---- Supplied information

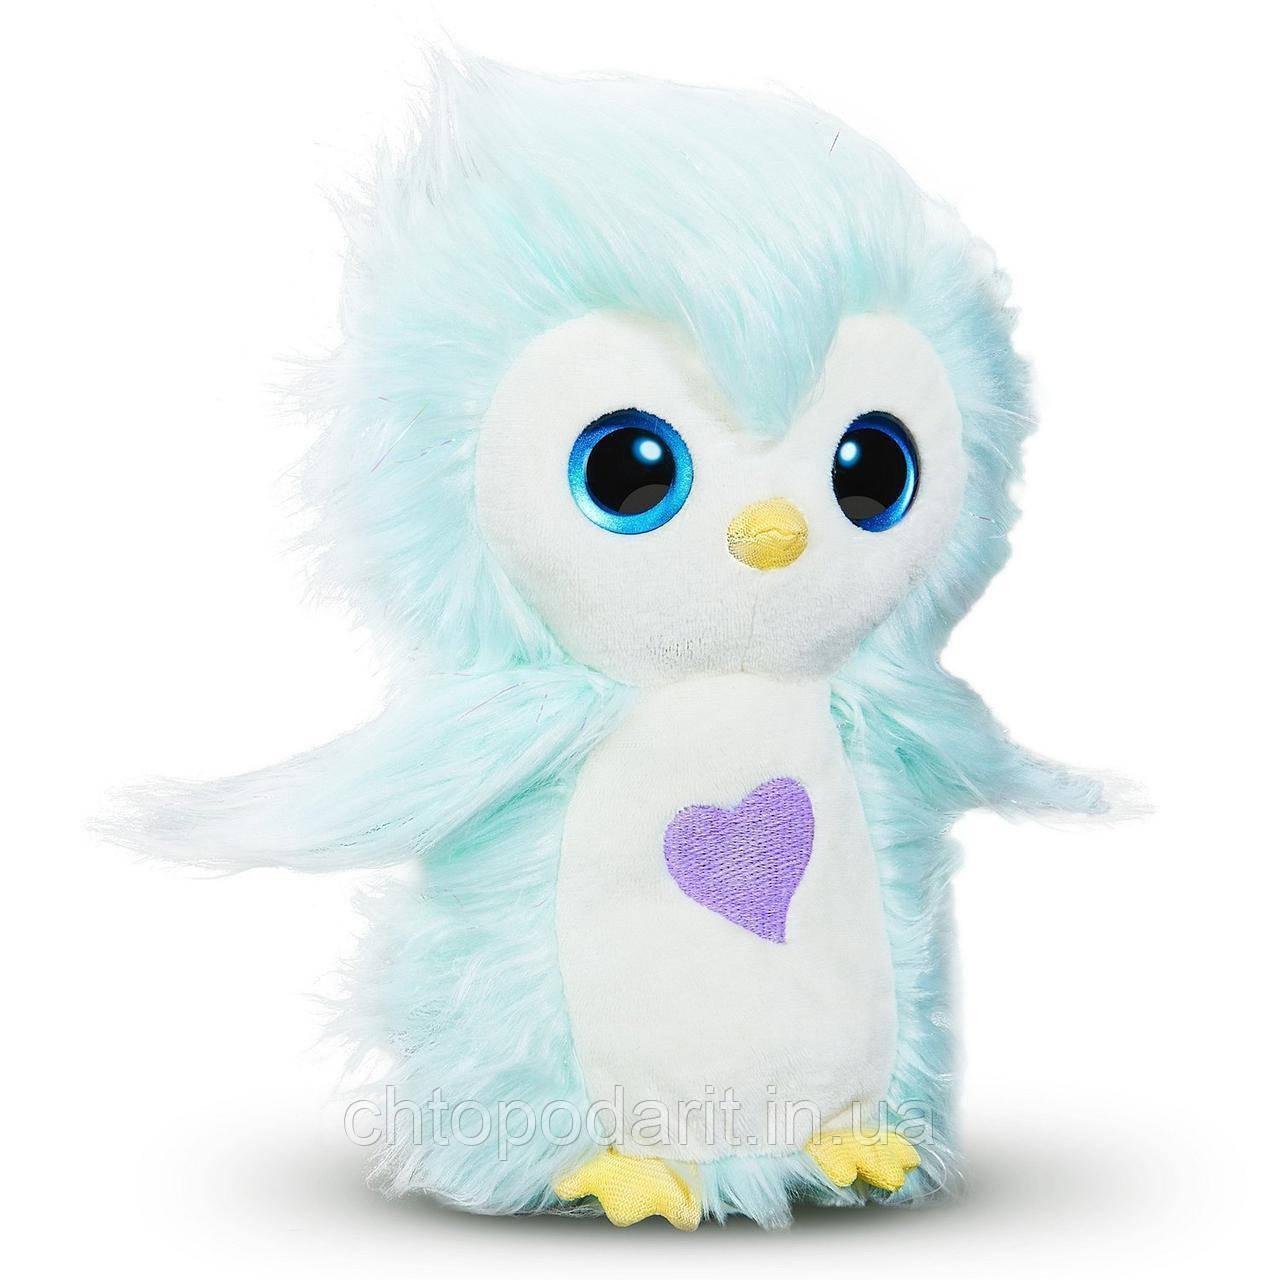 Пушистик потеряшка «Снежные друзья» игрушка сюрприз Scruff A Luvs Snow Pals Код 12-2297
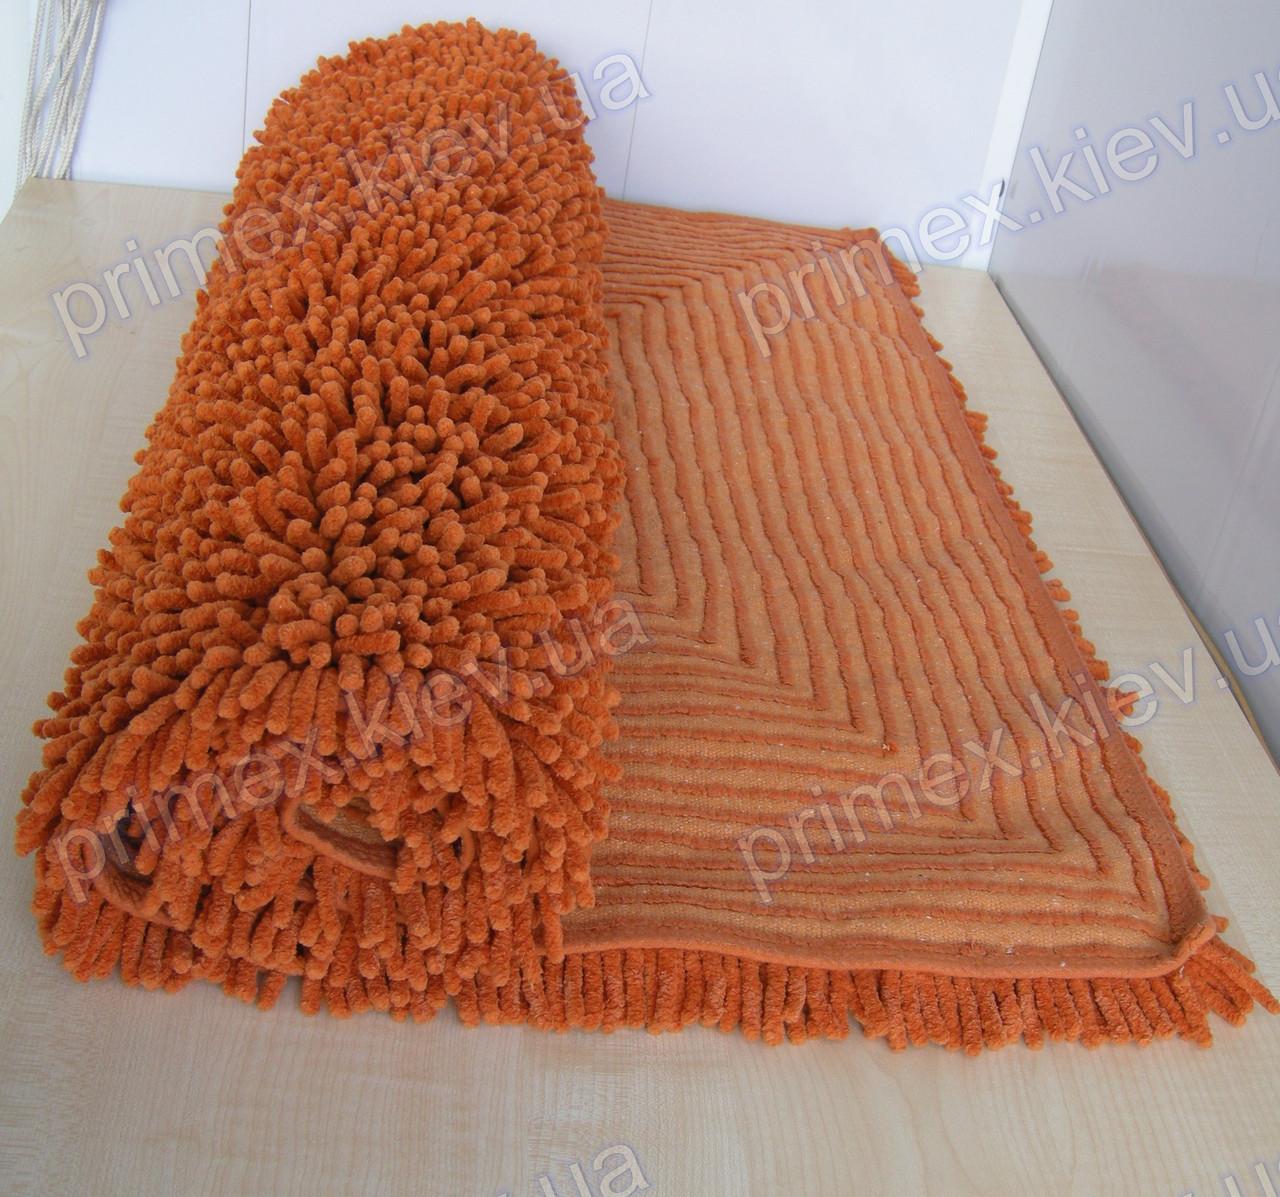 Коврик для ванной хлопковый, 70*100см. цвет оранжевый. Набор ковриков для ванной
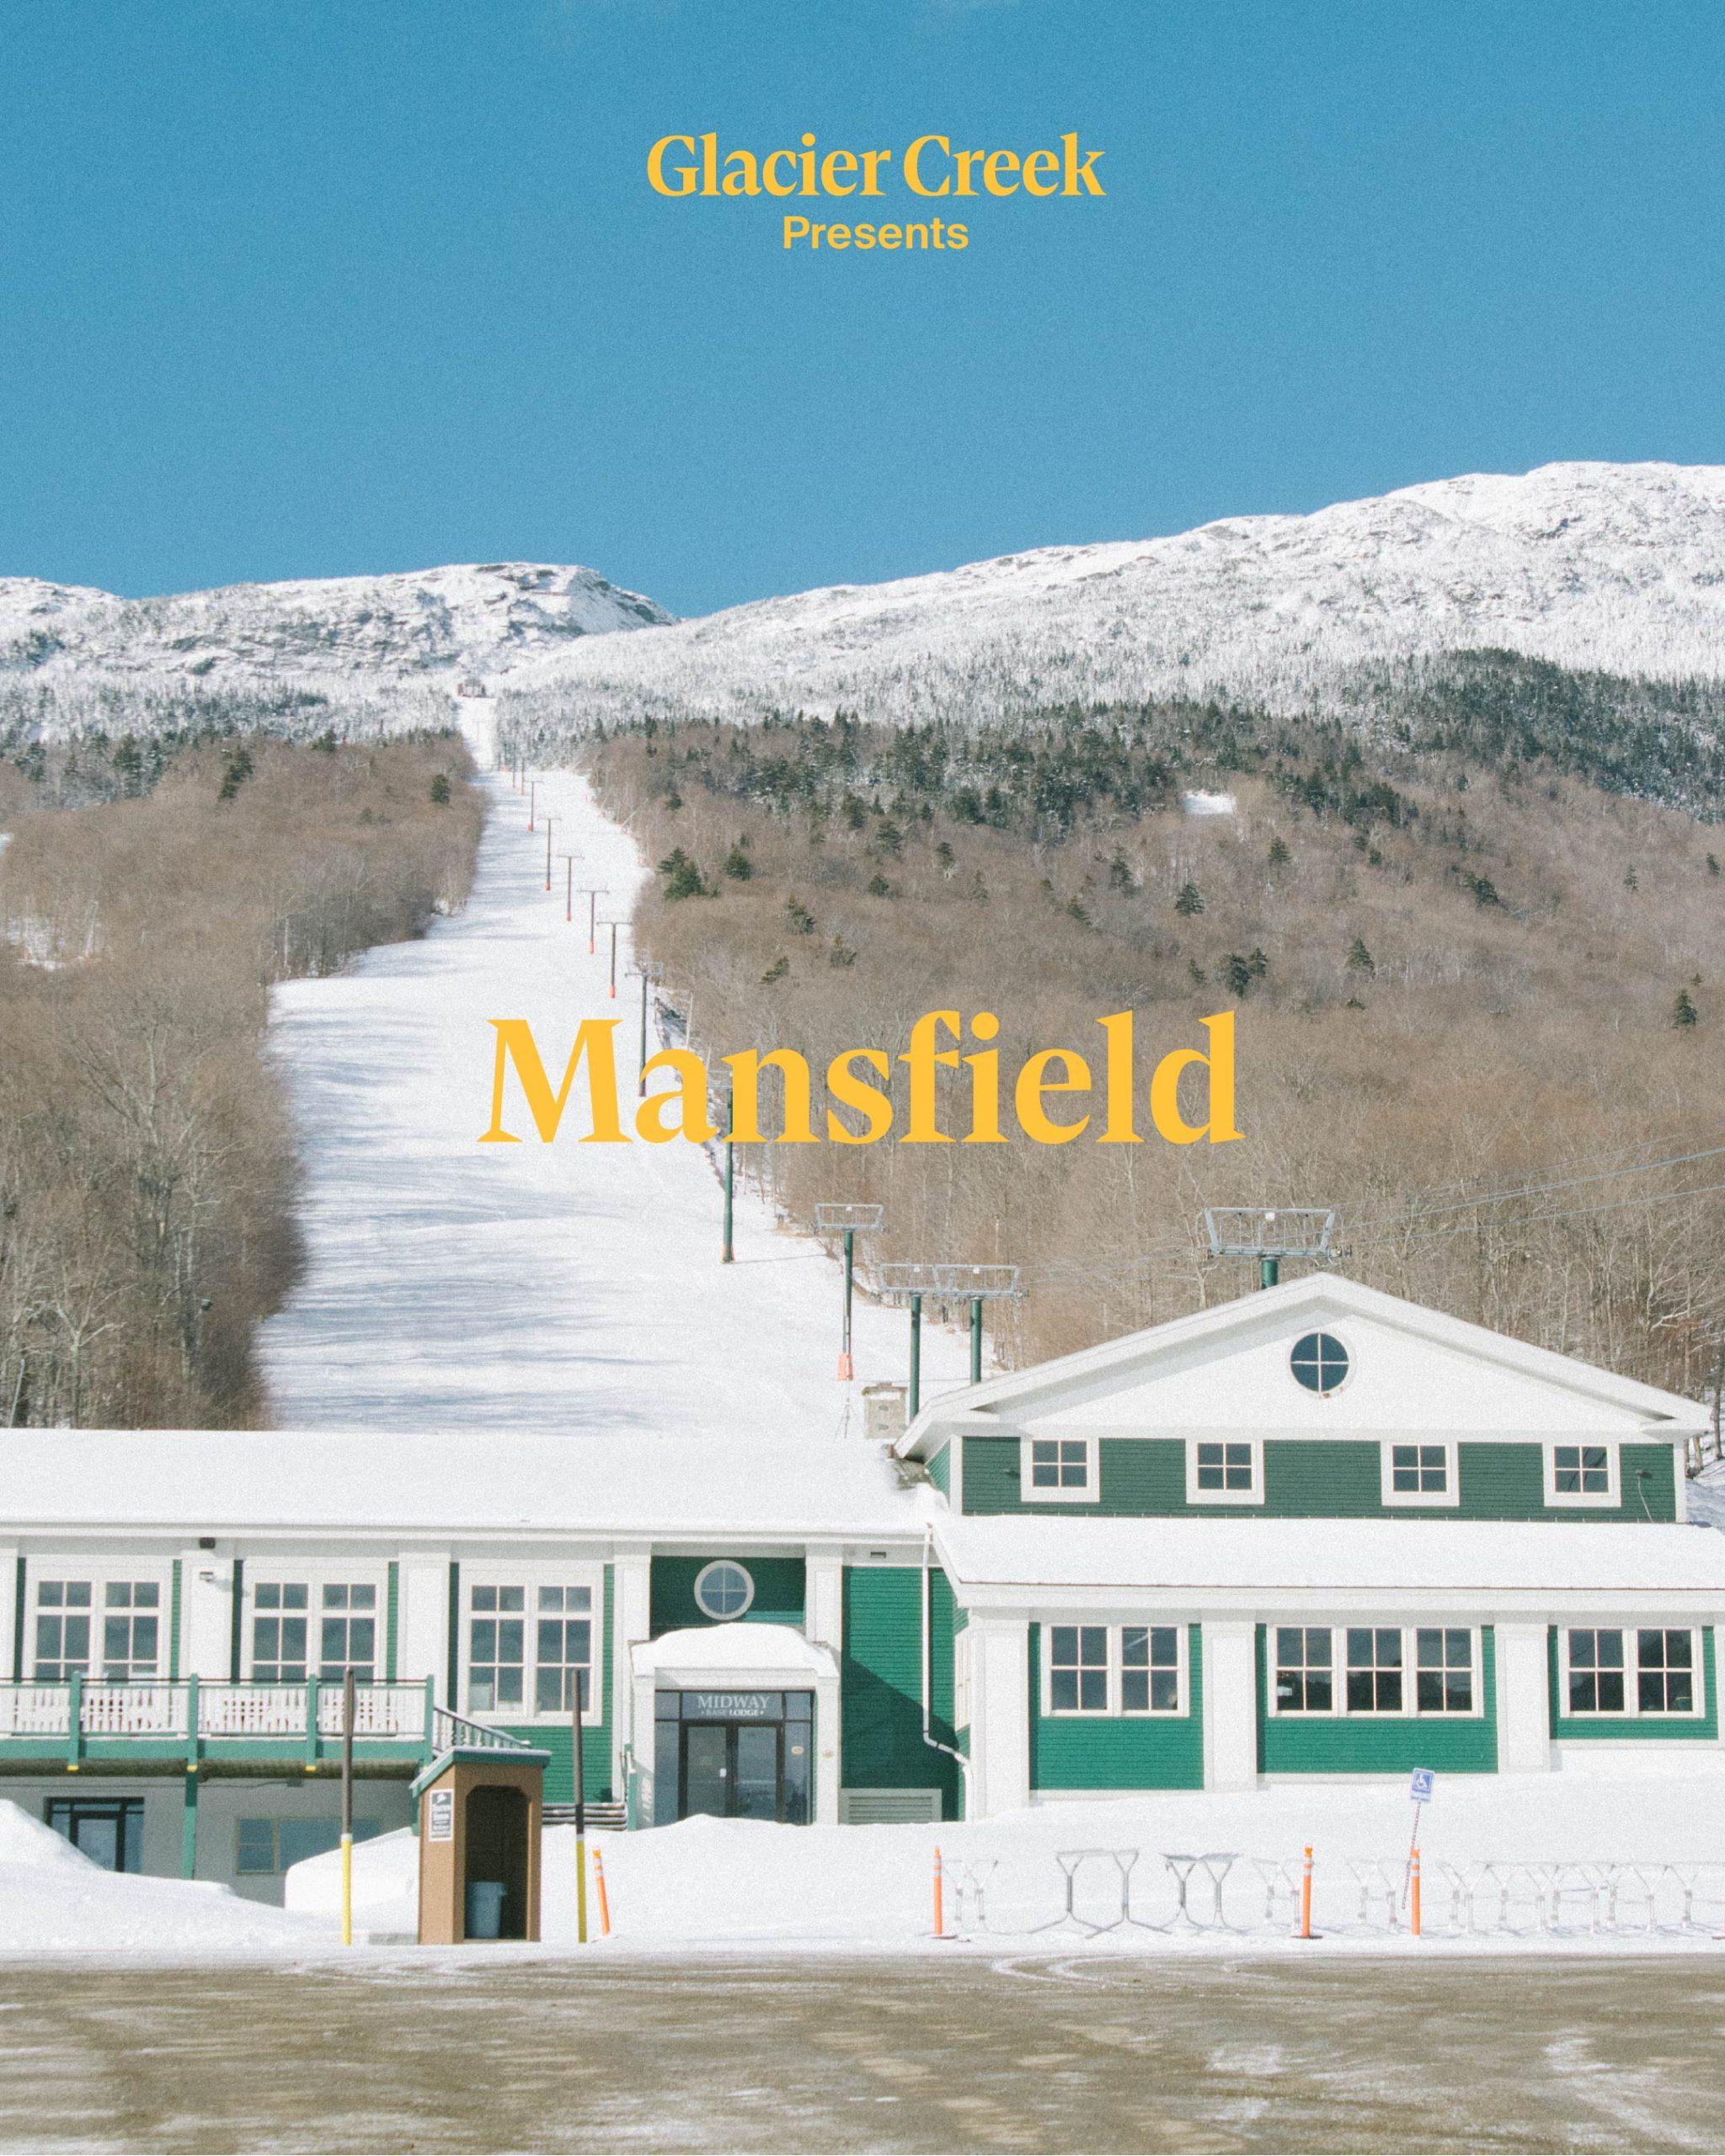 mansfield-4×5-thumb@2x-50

--------

■ **Work request**:
Every line of the material must be repeated exactly; pictures stay out.

■ **Reply**:
 Пушистик потеряшка «Снежные друзья» игрушка сюрприз Scruff A Luvs Snow Pals Код 12-2297
 Коврик для ванной хлопковый, 70*100см. цвет оранжевый. Набор ковриков для ванной
 mansfield-4×5-thumb@2x-50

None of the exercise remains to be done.